Scaling and Prompting for Improved End-to-End Spoken Grammatical Error Correction
Mengjie Qian, Rao Ma, Stefano Bannò, Kate M. Knill, Mark J. F. Gales
TL;DR
This work tackles end-to-end spoken grammatical error correction (SGEC) under data scarcity by (i) scaling training data via a pseudo-labelling pipeline that converts unlabelled audio into SGEC-training pairs, and (ii) enhancing end-to-end SGEC through prompting Whisper models with fluent transcriptions. Empirical results show that pseudo-labelling substantially narrows the gap between end-to-end SGEC and cascaded baselines for smaller models, while model size and prompting yield further gains; with large Whisper models and prompting, SGEC performance approaches the cascaded system, and feedback quality improves markedly.
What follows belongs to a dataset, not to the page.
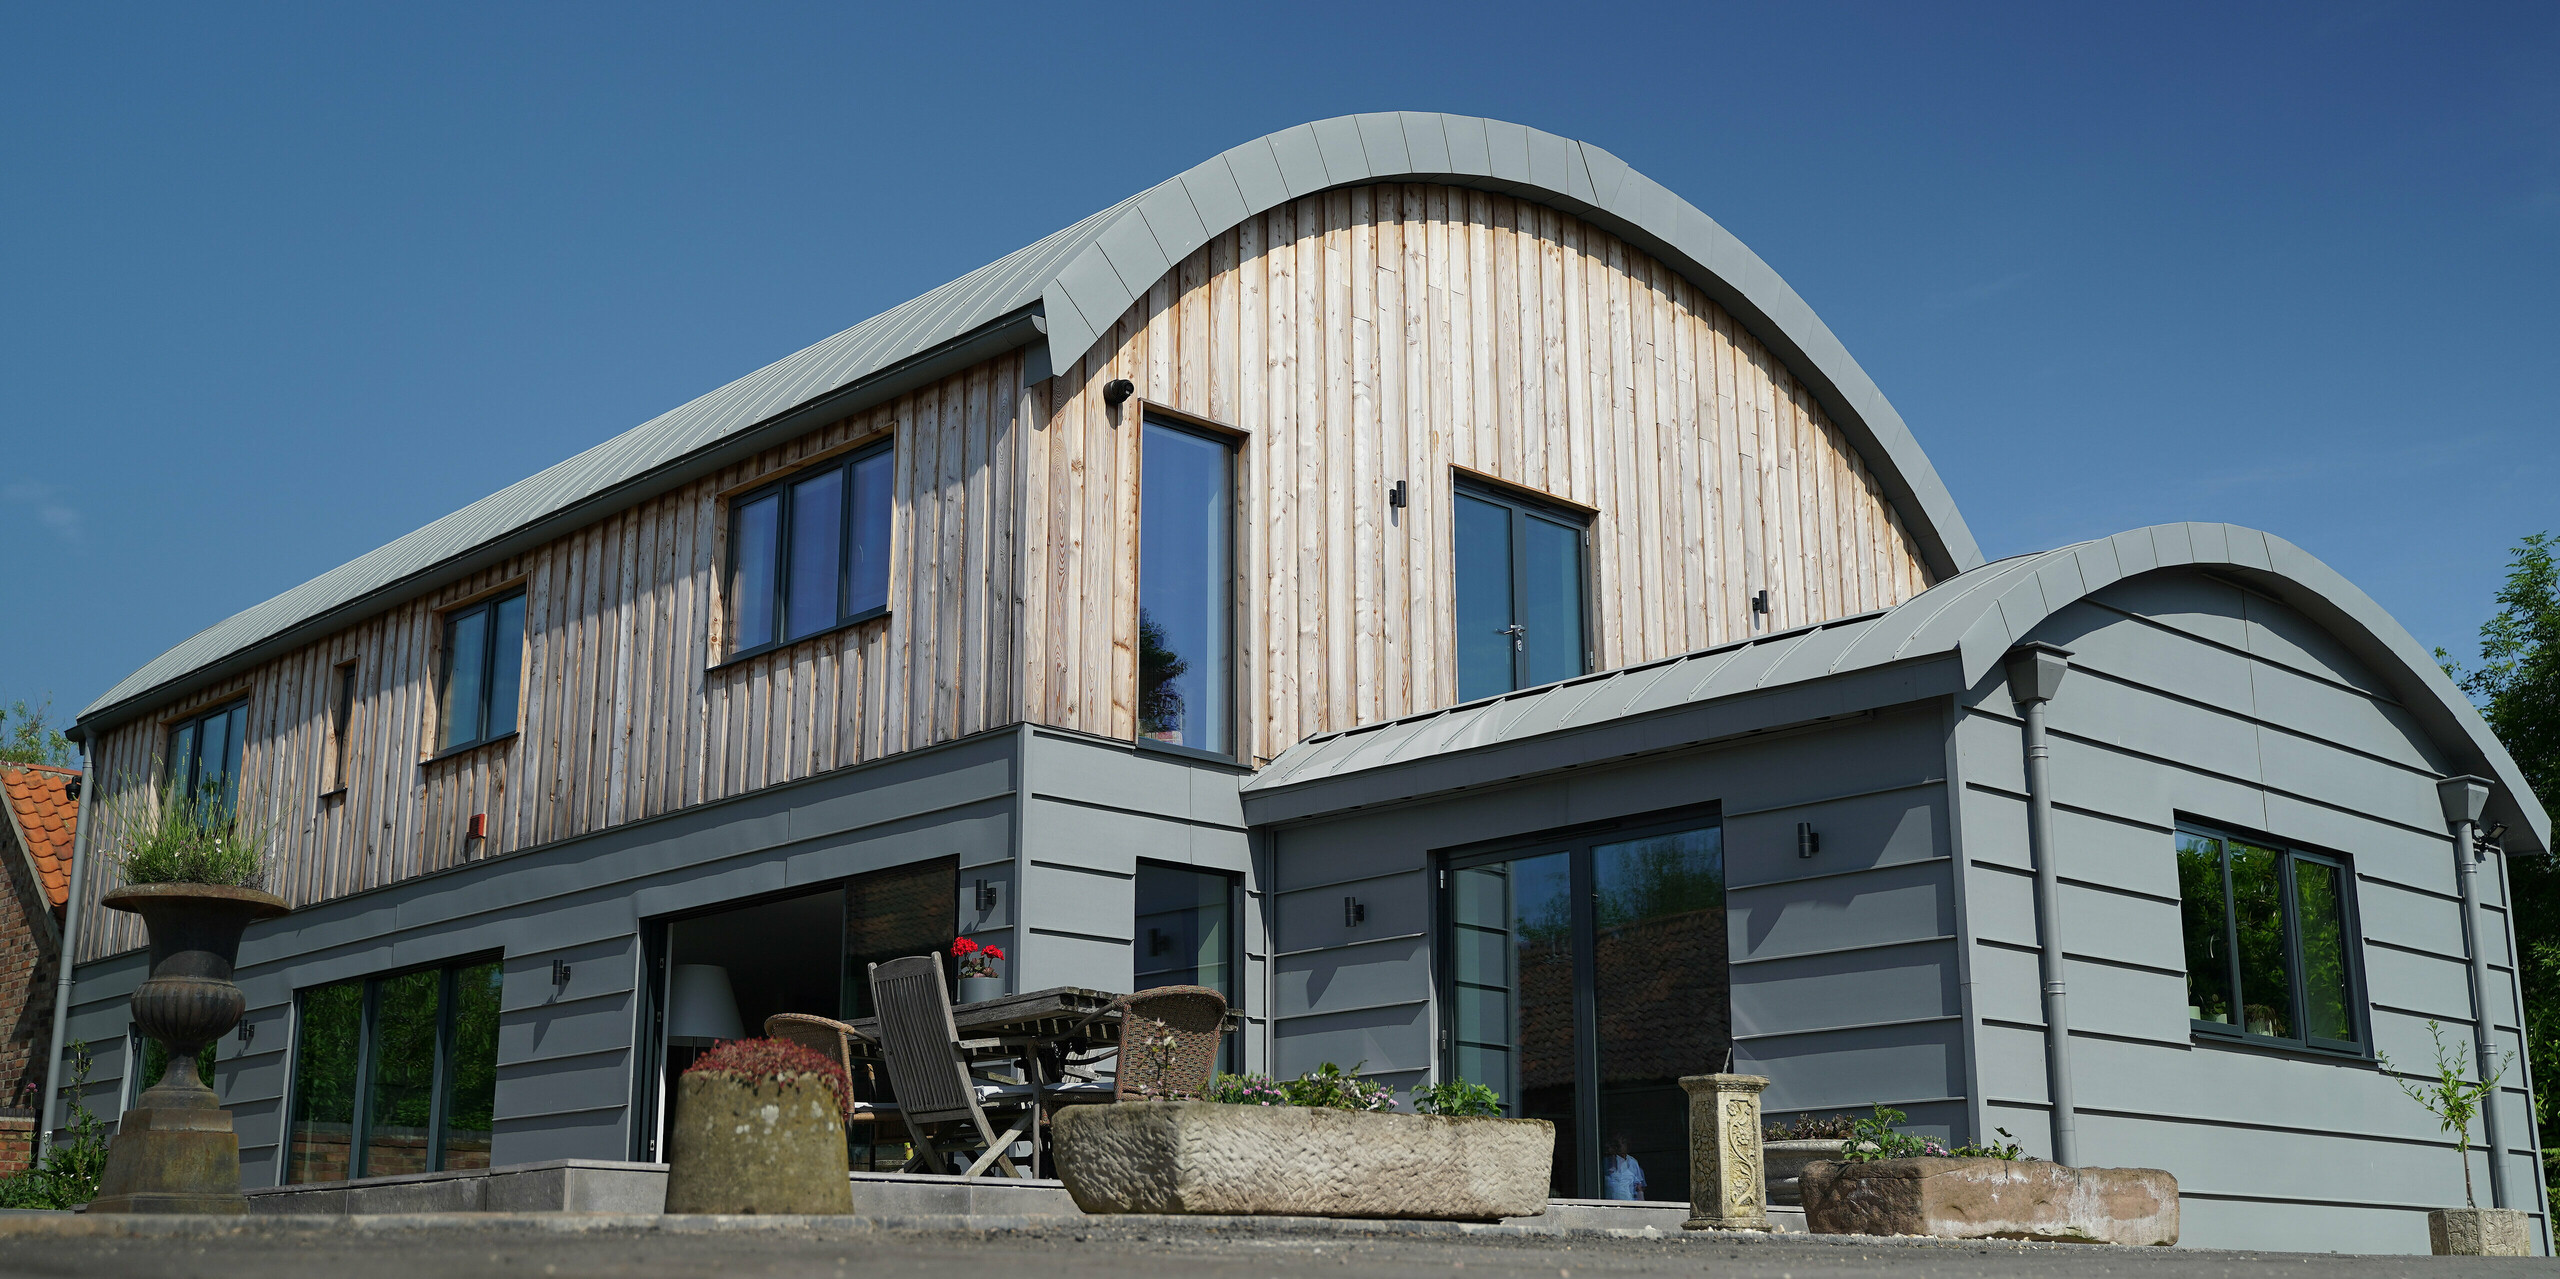 Lateral perspective on the Dutch barn clad with wood and PREFALZ in patina grey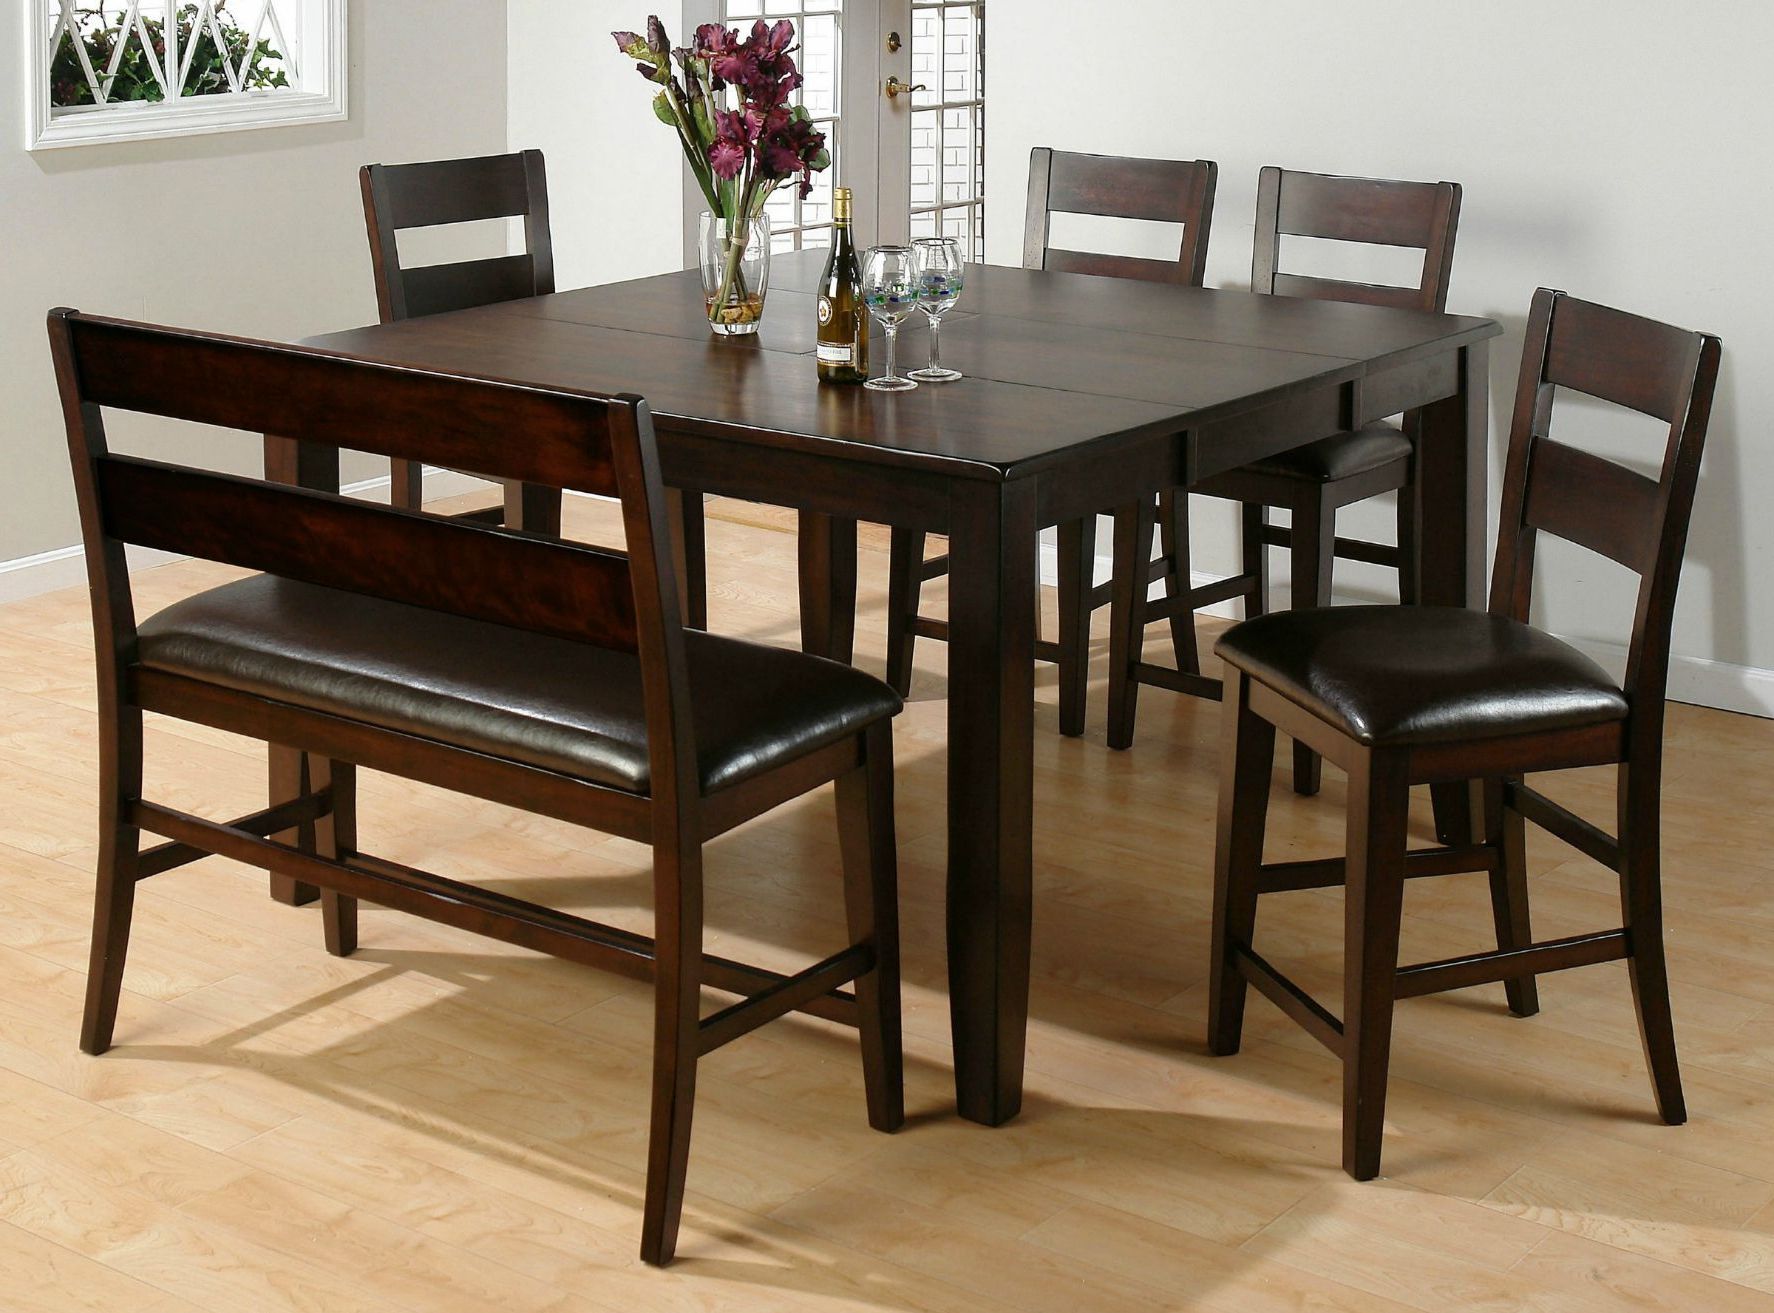 26 Dining Room Sets (big And Small) With Bench Seating (2020 With Most Popular Transitional 4 Seating Double Drop Leaf Casual Dining Tables (Photo 3 of 30)

The study also analyzes the trade-offs of pseudo-labelled data when using larger models and demonstrates that prompting information (fluency cues) is a robust method to improve both SGEC and feedback, even under data-constrained conditions. Collectively, the findings suggest that combining pseudo-labelling, scale, and prompting can make end-to-end SGEC competitive with traditional cascaded systems, with practical implications for language learning tools and automated feedback generation.
Abstract
Spoken Grammatical Error Correction (SGEC) and Feedback (SGECF) are crucial for second language learners, teachers and test takers. Traditional SGEC systems rely on a cascaded pipeline consisting of an ASR, a module for disfluency detection (DD) and removal and one for GEC. With the rise of end-to-end (E2E) speech foundation models, we investigate their effectiveness in SGEC and feedback generation. This work introduces a pseudo-labelling process to address the challenge of limited labelled data, expanding the training data size from 77 hours to approximately 2500 hours, leading to improved performance. Additionally, we prompt an E2E Whisper-based SGEC model with fluent transcriptions, showing a slight improvement in SGEC performance, with more significant gains in feedback generation. Finally, we assess the impact of increasing model size, revealing that while pseudo-labelled data does not yield performance gain for a larger Whisper model, training with prompts proves beneficial.